Speaking of skills, Hynes was joyful when I brought up Nico Hischier, who finished his rookie season playing all 82 games. The 19-year-old tallied 20 goals and 32 assists for 52 points. Add to that a plus-10 in the plus-minus department.

“Nico can improve physically,” John pointed out, “and that’s important for him since he won’t be taking any opponent by surprise next season. I want to see a bigger engine so that he can play his game more and better.”

Of all the exited players — John Moore, Michael Grabner, Brian Gibbons and Patrick Maroon — management had hoped to retain Maroon. So, now what, Mister Hynes?

“One way to compensate for the loss of a player like that is by committee. Then again, we have big players who can do the job and did it before we got Patrick. Think about Brian Boyle and Miles Wood, just to name a couple.”

When he mentioned Wood, the coach touched The Maven’s nerve.

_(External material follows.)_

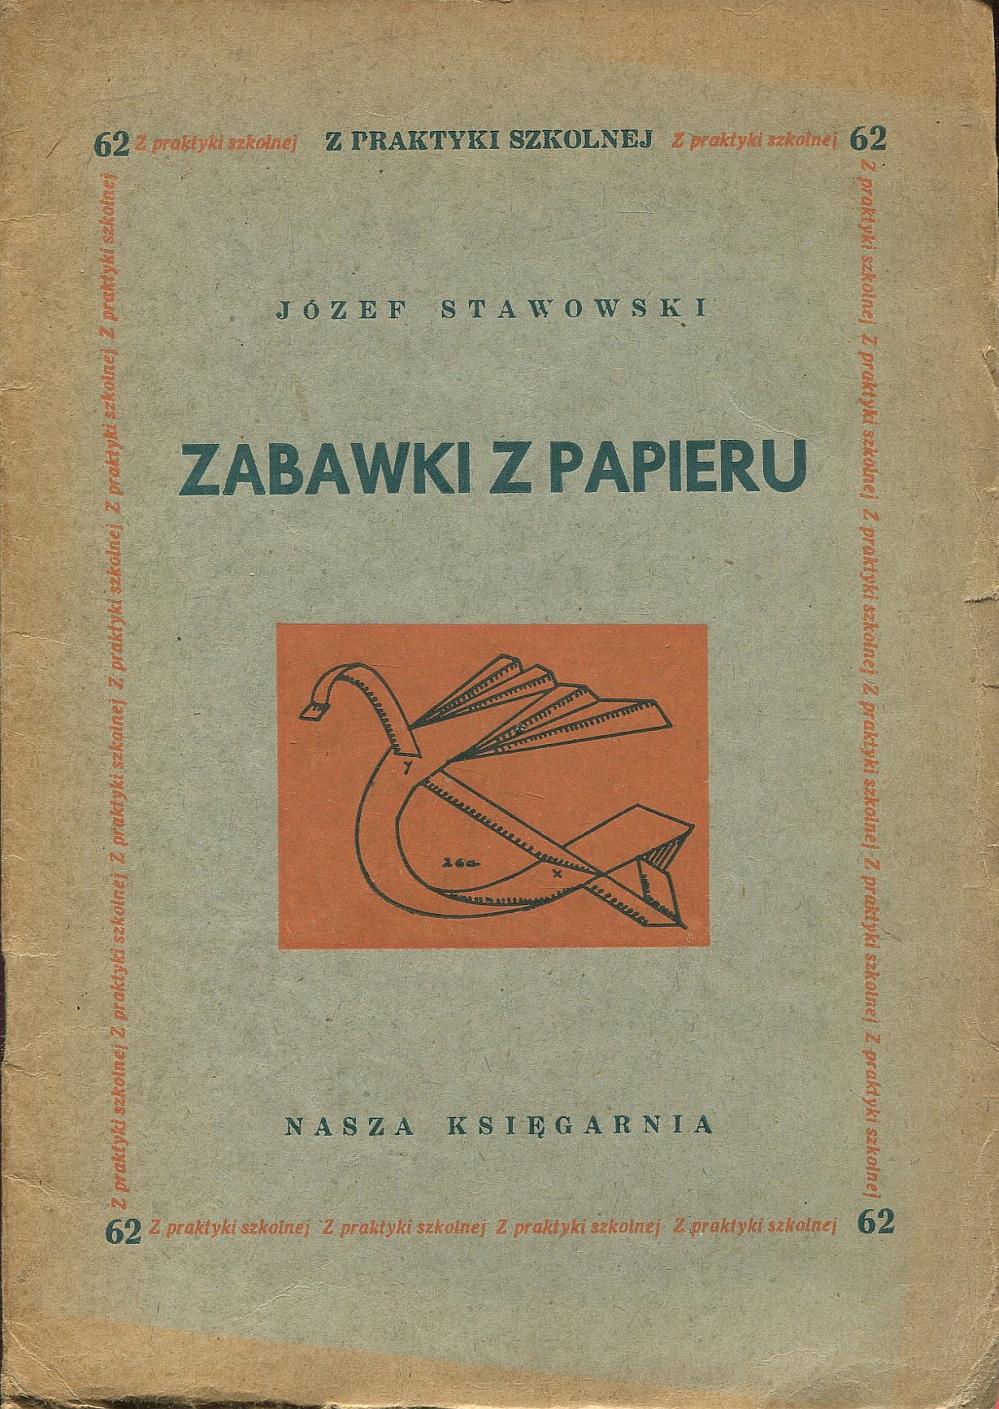 ZABAWKI Z PAPIERU Stawowski 1949 DIY prace ręczne

Miles is one of my favorite Devils, so I wondered whether there’s still better hockey in Randy Wood‘s son.

“Sure thing,” he shot back. “He can be more responsible defensively, but you have to remember that Miles is coachable, has a good work ethic and he has things you simply can’t teach — and that is speed.”

For me, the “mystery man” was — still is — gifted defenseman Steve Santini who played a mere 36 Devils games as compared to 27 in Binghamton. I wanted Double S to play 82 for New Jersey. Maybe yes in 2018-19?

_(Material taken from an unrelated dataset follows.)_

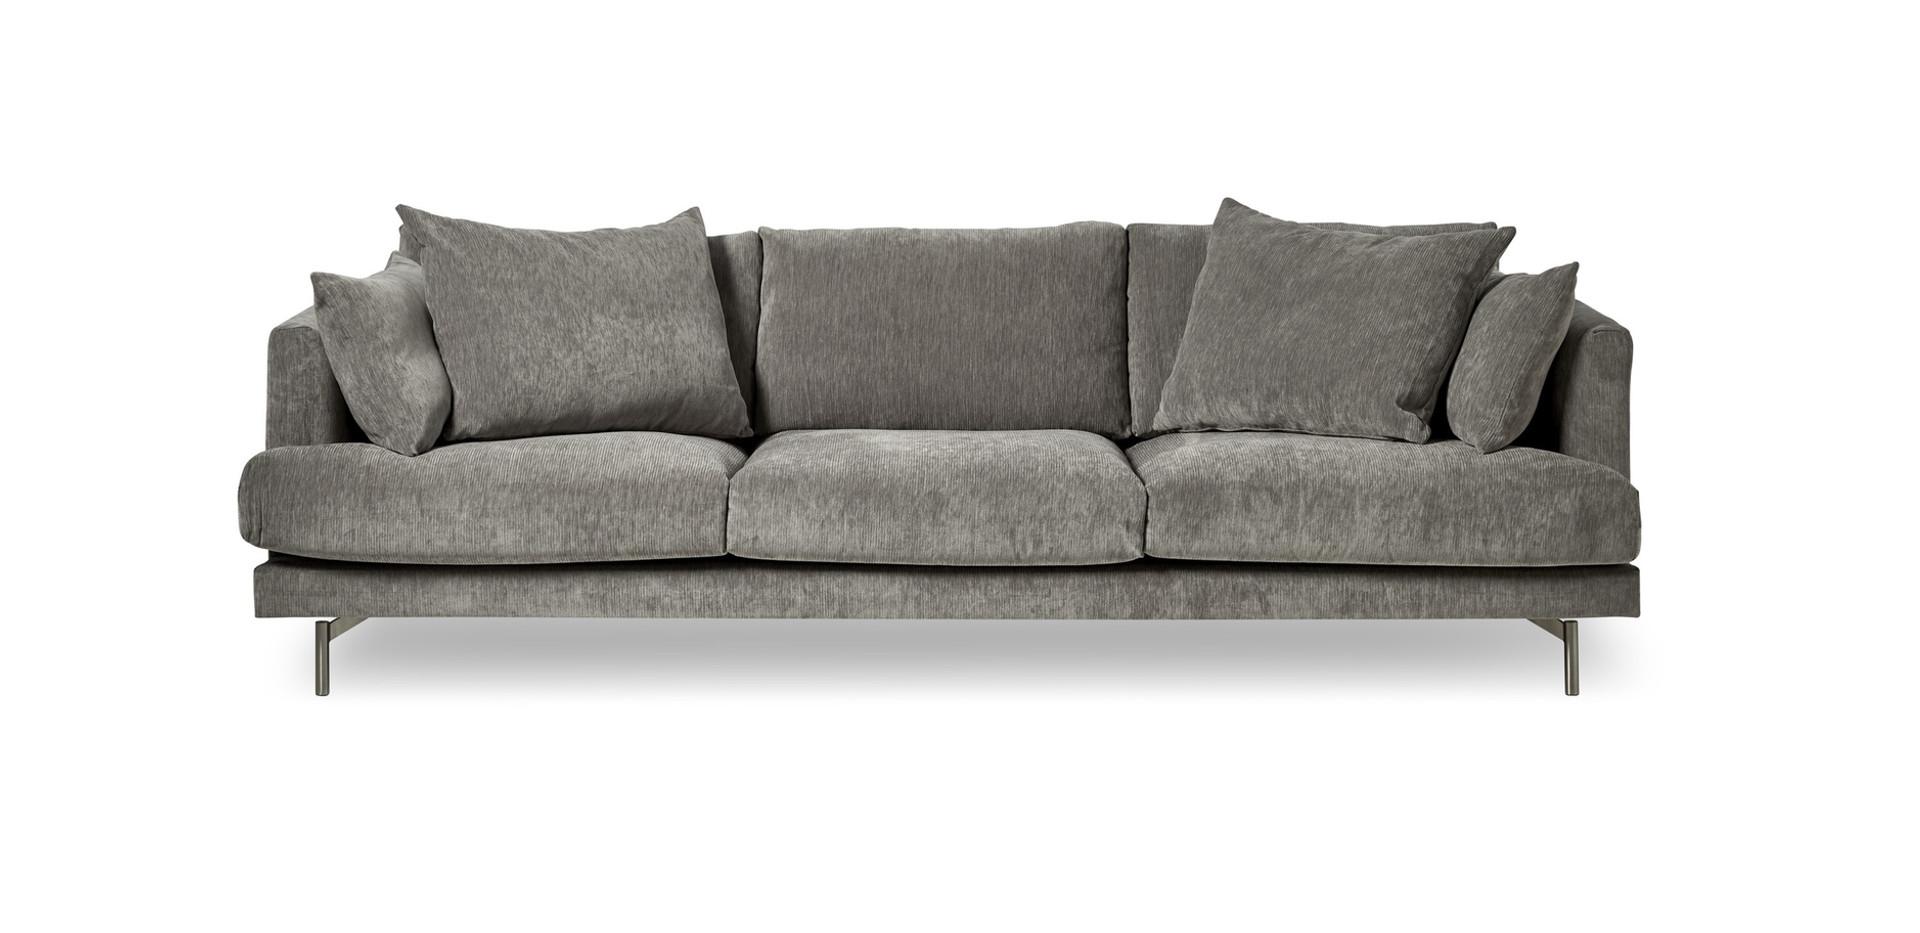 Harper 3xlso teide grey

“That’s up to Steve,” said Hynes. “We want him to be a strong, two-way defenseman. I’d like to see him push his way into our Top Six.”

Since he brought up “Top,” I couldn’t resist the temptation to note that NHL savants now regard Hynes, himself, among the league’s top bench bosses.

Typically, he dismissed the thought with a horse racing analogy: “It’s the players; not the coach. No jockey carries the horse across the Finish Line.”

The good news is that Hynes has the horses!